How Do You Calculate the Volume of a Solid Rotated Around y=1?

[dlacombe13]

Homework Statement

Find the volume of the solid obtained by rotating the region bounded by the given curves about the specified line.

y=x²
x=y²
Rotated about y=1

Homework Equations

Area of cross-section (in this case, a disk) = A(x) = π(outer radius)² - π(inner radius)²
Volume = V = ∫A(x) dx

The Attempt at a Solution

[/B]
yellow line => y=x²
red line => x=y²

I converted x=y² to y=√x

The outer-radius is y=x²
The inner-radius is x=√x
The intersection points of the two graphs is (0,0) and (1,1)

So A(x) = π(x²)² - π(√x)² = π(x⁴-x)

So V = ∫A(x)dx = π ∫ [ (1/5)x⁵ - (1/2)x² ]dx integrated at (x=0 to x=1) = -3π/10 ...

However the volume can't be negative and the correct answer is 11π/30

Any help? The book shows the same graph and same intersection points, but I am getting the wrong answer.

 

[SteamKing]

Homework Statement

Find the volume of the solid obtained by rotating the region bounded by the given curves about the specified line.

y=x²
x=y²
Rotated about y=1

Homework Equations

Area of cross-section (in this case, a disk) = A(x) = π(outer radius)² - π(inner radius)²
Volume = V = ∫A(x) dx

The Attempt at a Solution

[/B]
yellow line => y=x²
red line => x=y²

I converted x=y² to y=√x

The outer-radius is y=x²
The inner-radius is x=√x
The intersection points of the two graphs is (0,0) and (1,1)

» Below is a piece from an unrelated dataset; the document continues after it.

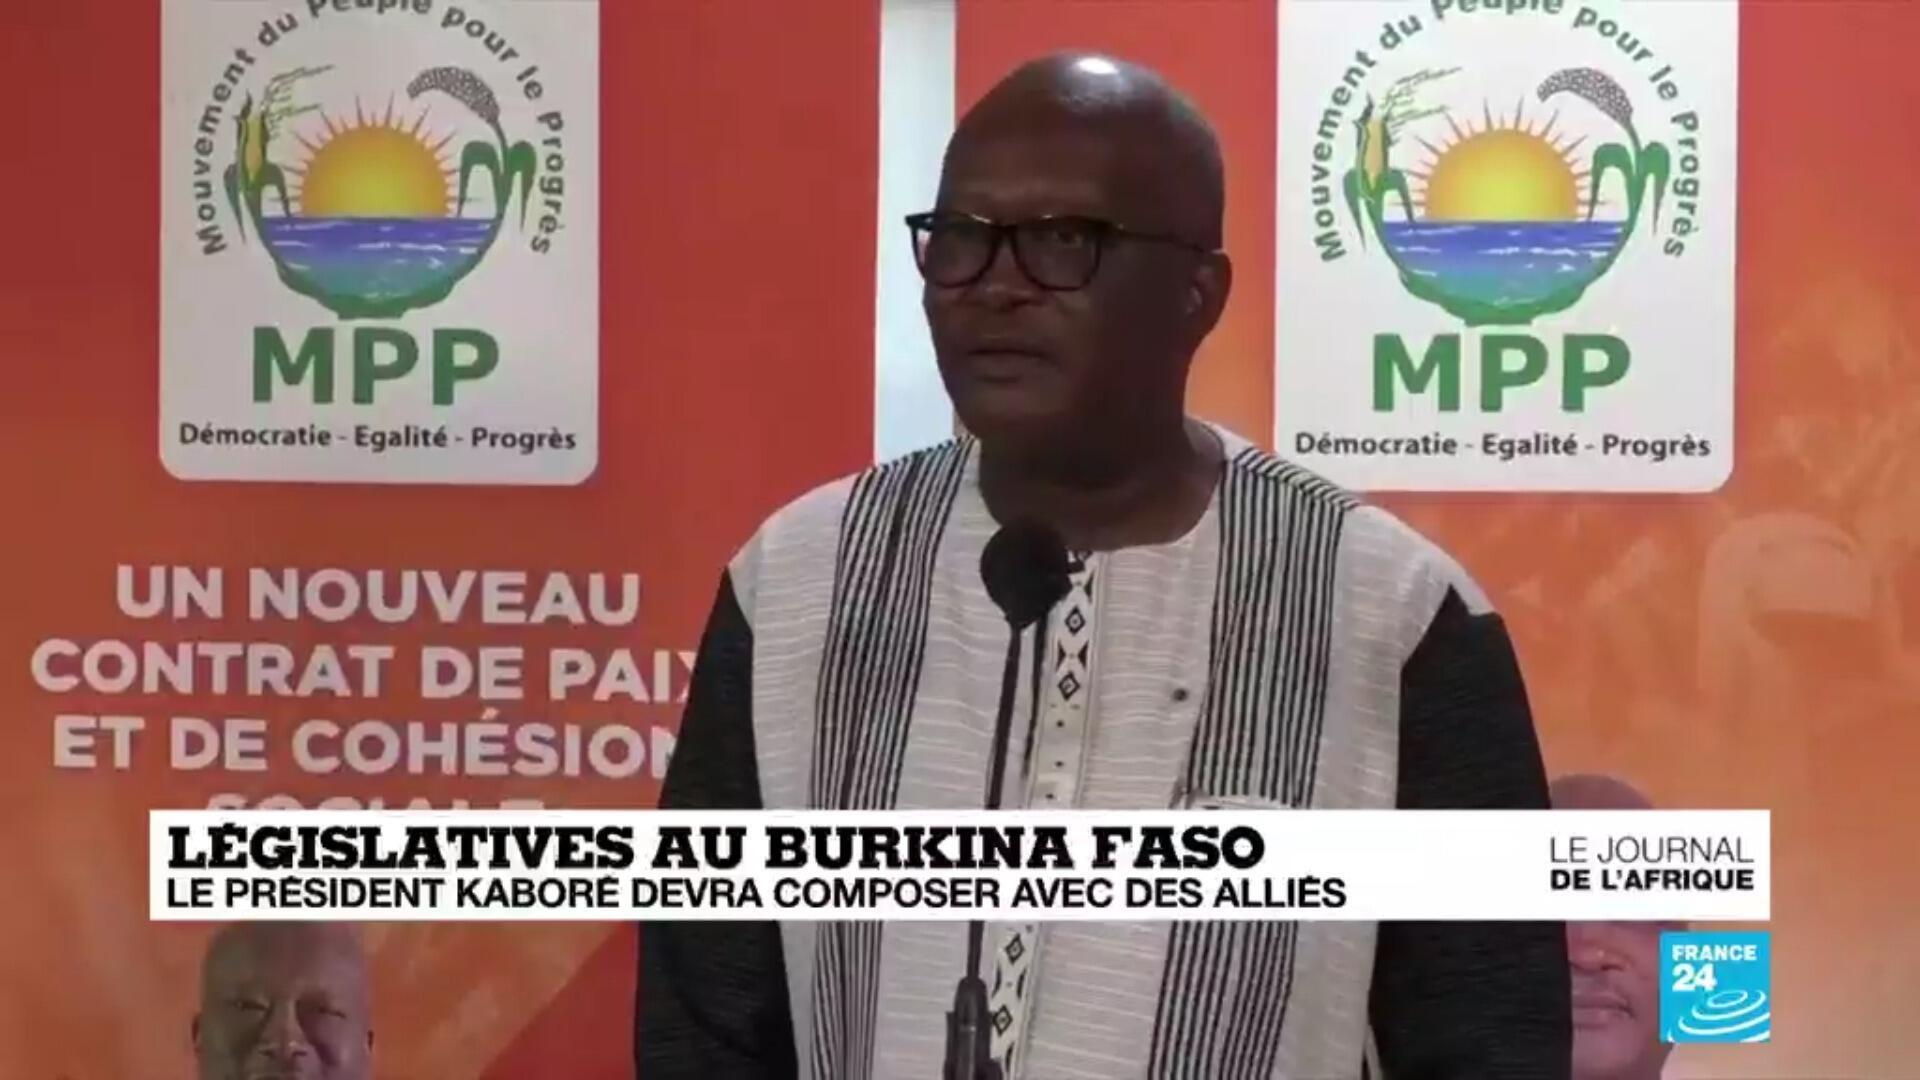 La président du Burkina Faso, Roch Kaboré, réélu pour un second mandat

So A(x) = π(x²)² - π(√x)² = π(x⁴-x)

So V = ∫A(x)dx = π ∫ [ (1/5)x⁵ - (1/2)x² ]dx integrated at (x=0 to x=1) = -3π/10 ...

However the volume can't be negative and the correct answer is 11π/30

Any help? The book shows the same graph and same intersection points, but I am getting the wrong answer.

You want to use the shell method here:

https://en.wikipedia.org/wiki/Shell_integration

 

[dlacombe13]

Thank you for you're reference, I read it and sort of get how it works. However this chapter I am in does not show me that method yet, and only shows the disk/ washer method that I attempted, so it must be solvable using that method. In fact, there is an almost identical problem using y=x² and y=x revolved around the x-axis (y=0) that uses this method and it works. Any help trying to solve it using this method?

 

[dlacombe13]

Turns out I found out what I was doing wrong. I had to subtract 1 (y=1) from each of the outer and inner radius. So the inner radius is π(1-x²)² and the outer radius is π(1-√x)². When I integrated the difference of these two at 1 and 0 I got 11π/30.

 

[SammyS]

Turns out I found out what I was doing wrong. I had to subtract 1 (y=1) from each of the outer and inner radius. So the inner radius is π(1-x²)² and the outer radius is π(1-√x)². When I integrated the difference of these two at 1 and 0 I got 11π/30.

I think you have something close to the right idea.

Actually, the radii are: $\ 1-x^2 \$ and $\ 1-\sqrt{x\,}\$. However, y = x² is the lower curve (farther away from y = 1), so $\ 1-x^2 \$ is the outer radius.